Perhaps you can dole out advice like this - I prefer telling people to seek one-on-one advice from professionals rather than relying upon anonymous posters like you (and me). After all, they say advice is worth what you pay for it - here you pay nothing. For my advice and yours.


----------



## ubiquitous (2 Oct 2008)

Too true


----------



## Schillachie (3 Oct 2008)

Hi There,

Thanks for the info.

what would I expect to pay for an Income & Expense account if I have all the receipts etc categorized and account complete except for a couple of entries which may need to be adjusted.

I don't have any machinery just yet for depreciation.

I will also want afew other questions answered on tax back or vat back

Ball park ?

I guess if they can get some dosh back for me, it will probably cover their cost 

Thanks, Schillachie


----------



## och aye (30 May 2009)

can you pay cash for casual labour, eg cleaning, houskeeping on a regular basis?
What is allowable say per week?
What is allowable say per year?
Can you pay cash directly or withdrawn and recored on bank statemets?
Can you pay by cheque and therefore is recorded?
What is upper allowable limit on all this before you need to put that person payroll, Paye, Prsi etc
Appreciate any help


----------



## Graham_07 (30 May 2009)

ubiquitous said:


> Casual labour (unreceipted or otherwise) is a minefield unless you have operated PAYE/PRSI. The Revenue will go to town on you if they discover otherwise.


 
Agreed.




och aye said:


> can you pay cash for casual labour, eg cleaning, houskeeping on a regular basis?
> What is allowable say per week?
> What is allowable say per year?
> Can you pay cash directly or withdrawn and recored on bank statemets?
> ...


 
You can pay by cash or cheque provided all is recorded and PAYE/PRSI properly operated. There is no allowance or threshold for wages to be paid before PAYE/PRSI kicks in. All payments are subject to proper operation of PAYE/PRSI.


----------



## och aye (11 Jun 2009)

Thanks Graham 07
Could you clarify ..."and PAYE/PRSI properly operated"
Can an employer ( self employed) pay cash/cheque for casual labour direct to person(s) and it is up to them to make tax returns?


----------



## Graham_07 (11 Jun 2009)

och aye said:


> Thanks Graham 07
> Could you clarify ..."and PAYE/PRSI properly operated"
> Can an employer ( self employed) pay cash/cheque for casual labour direct to person(s) and it is up to them to make tax returns?


 
You should be gregistered as an employer, get a propert tax deduction card for the employee or if they do not produce anything, operate emergency tax and deduct tax and PRSI per the rates applicable to the wages paid. The reality however is many people pay a few hundred euro for farm casual labour each year. Many of these people do not operate the PAYE/PRSI as they should given the small amounts. But in strictness they should operate PAYE/PRSI and it is the EMPLOYERS responsibility to do so , not the employee's. Revenue sometimes take a lenient view if the amounts are small and the potential liability small ( eg a student on summer hols where likely liability small anyway due to level of earnings) but that does not remove the legal responsibility to operate the system properly.


----------



## och aye (14 Jun 2009)

Thanks Graham
A- Z queries
There is many different types of casual workers and labour types.
So maybe its better to specific on query.
Apologies for long list of questions but it may help many to get a better idea as the area of casual/temorary work is not clear.

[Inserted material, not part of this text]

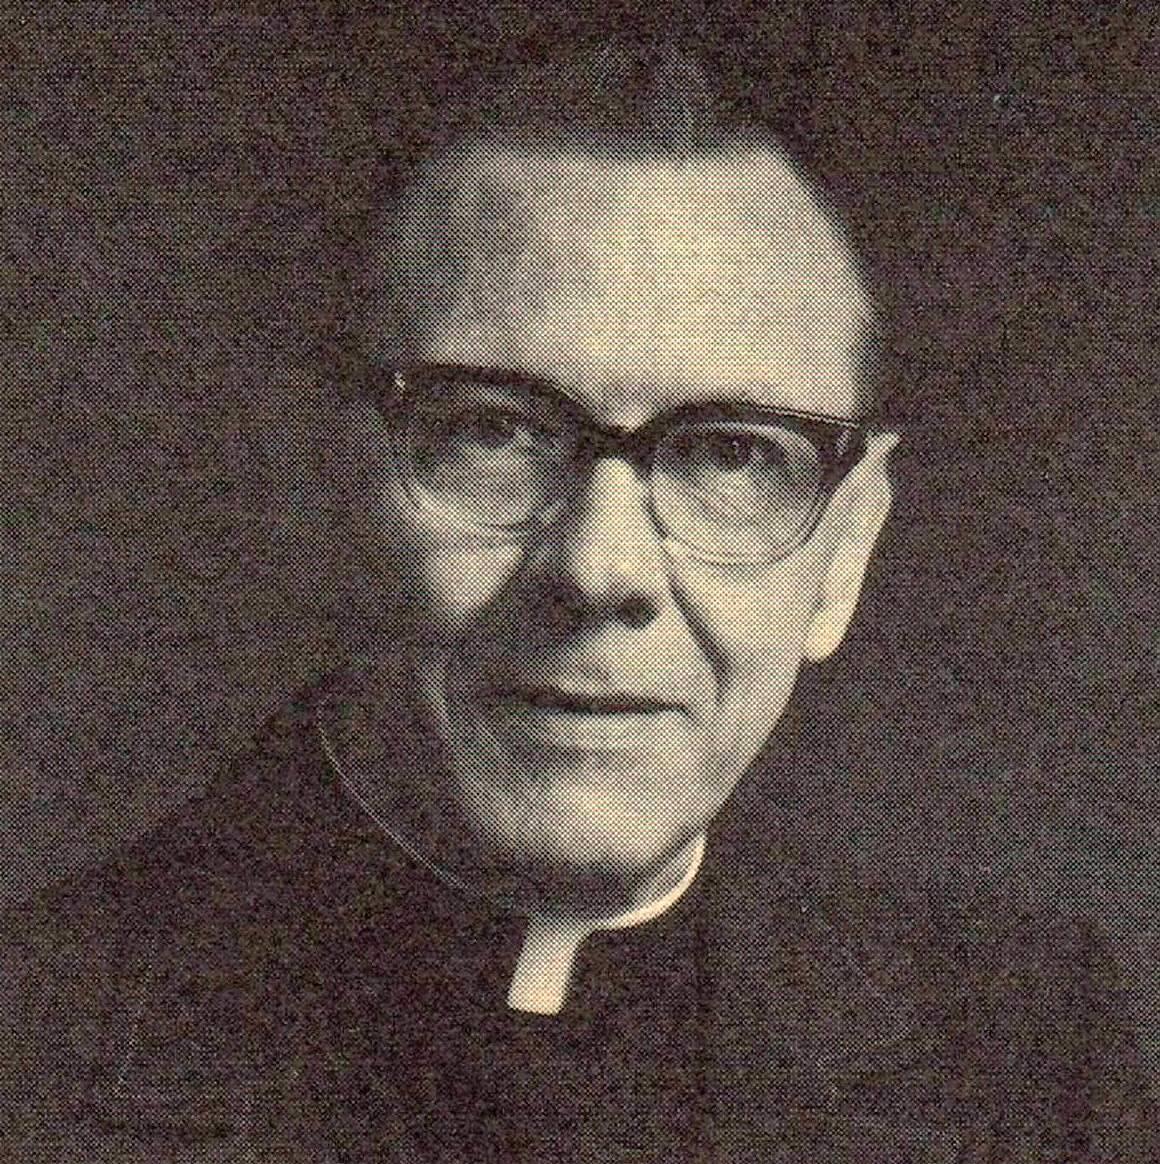 Fr. Edmund Kestel, Assistant at Our Lady of Fatima Parish
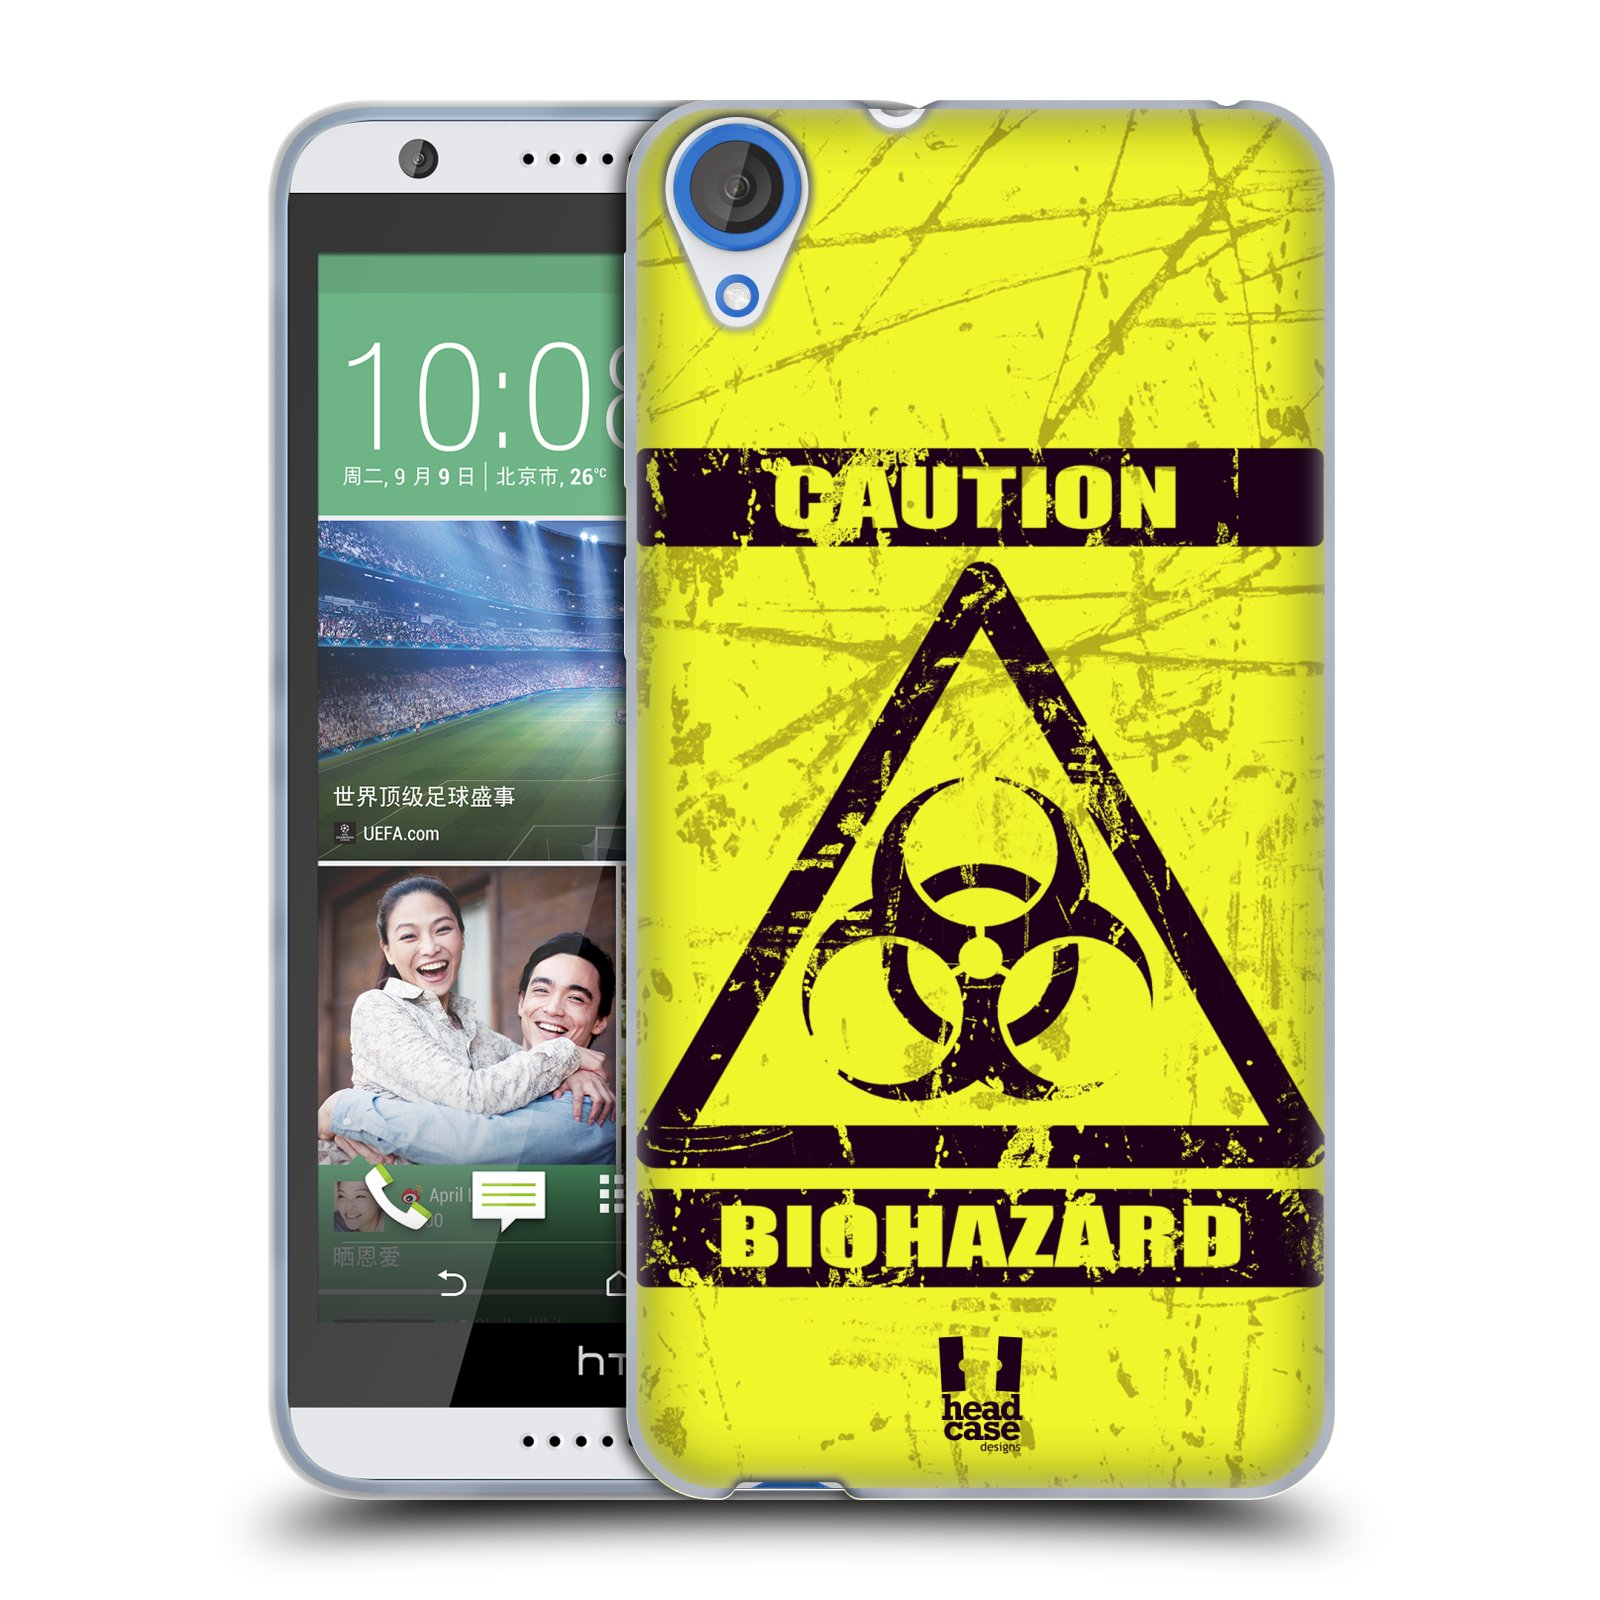 Silikonové pouzdro na mobil HTC Desire 820 HEAD CASE BIOHAZARD (Silikonový kryt či obal na mobilní telefon HTC Desire 820)

I plan on setting up a hostel. So I want to keep things above board.

I would be hoping to get workers who work in exchange for lodgings ( bed & perhaps meals) plus there would be additional hours of work which would require some type of  payment, cash or cheque
It seems foreign nationals or student travellers etc would be most interested in above jobs

How are these type of jobs classified ?
(a)partime, 
(b)casual, 
(c)temporary, 
(d) seasonal type 
(e) voluntary type  
(f)full time. 


If I engaged such workers would I be classed as an Employer ?

Is it ok or even legal to pay any of above 
g. by cash ?  not recorded 
h. by cheque ie recored or cheque exchanged for cash but recorded ?
i. Must I pay the minimum wage to all ?
Other

Or if must follow the PAYE/PRSI  what precise steps should I take to keep all in order.
Does it involve 
j. Getting a person's PPS? ( not sure if all foreign nationals have PPS?
k. Registering same with Revenue ?
l. getting weekly tax card and recording weekly payments ?
m. making payments by cheque or encashed cheque ? to person or his bank ?
n. if under €350/week pay lower PRSI @2%
o. if above €350/wk pay higher PRSI @?
p. do I need to comply with regulations eg 
max hours worked?
holiday pay?
Rest periods?
meal times ?
other?
q. even if they have no PPS no or even bank a/c is it best to make payments by enchashed cheques ie cheque paid to Cash but payee recorded on stub for reference/record ?

r.I understand if the total payment to any temporay/seasonal person is approx say €3k-5k for season ( pa) then this is regarded as casual/seasonal and doesnt require PAYE/PRSI regristration ?

s. Since it is best to have all payments/outlays recorded to offset against income what is Best/ compliance method of doing this with above workers in above hostel business. 

t. Is there NERA compliance in above?
u. Are there other point that I need cover?
v. Where is best place/web sites to get answers to all the above ?
x.What records do I need to show in the event of workplace inspection?
y. Does it matter whether I live on premises as my abode?
z. I ve just dropped off  zzzzzz
Apologies for long list of queries but it would be so helpful to many I know to have clarification on above.

Thanks again.


----------



## och aye (26 Aug 2009)

Hi Guys 

Got sorted on most of above....lots of angles.....thanks for all the help


----------



## queenlex (2 Sep 2010)

och aye said:


> Hi Guys
> 
> Got sorted on most of above....lots of angles.....thanks for all the help


 
As a matter of interest where did you get most or all of this info would be interested because might interest me at some stage in the future,

Thanks,

Q


----------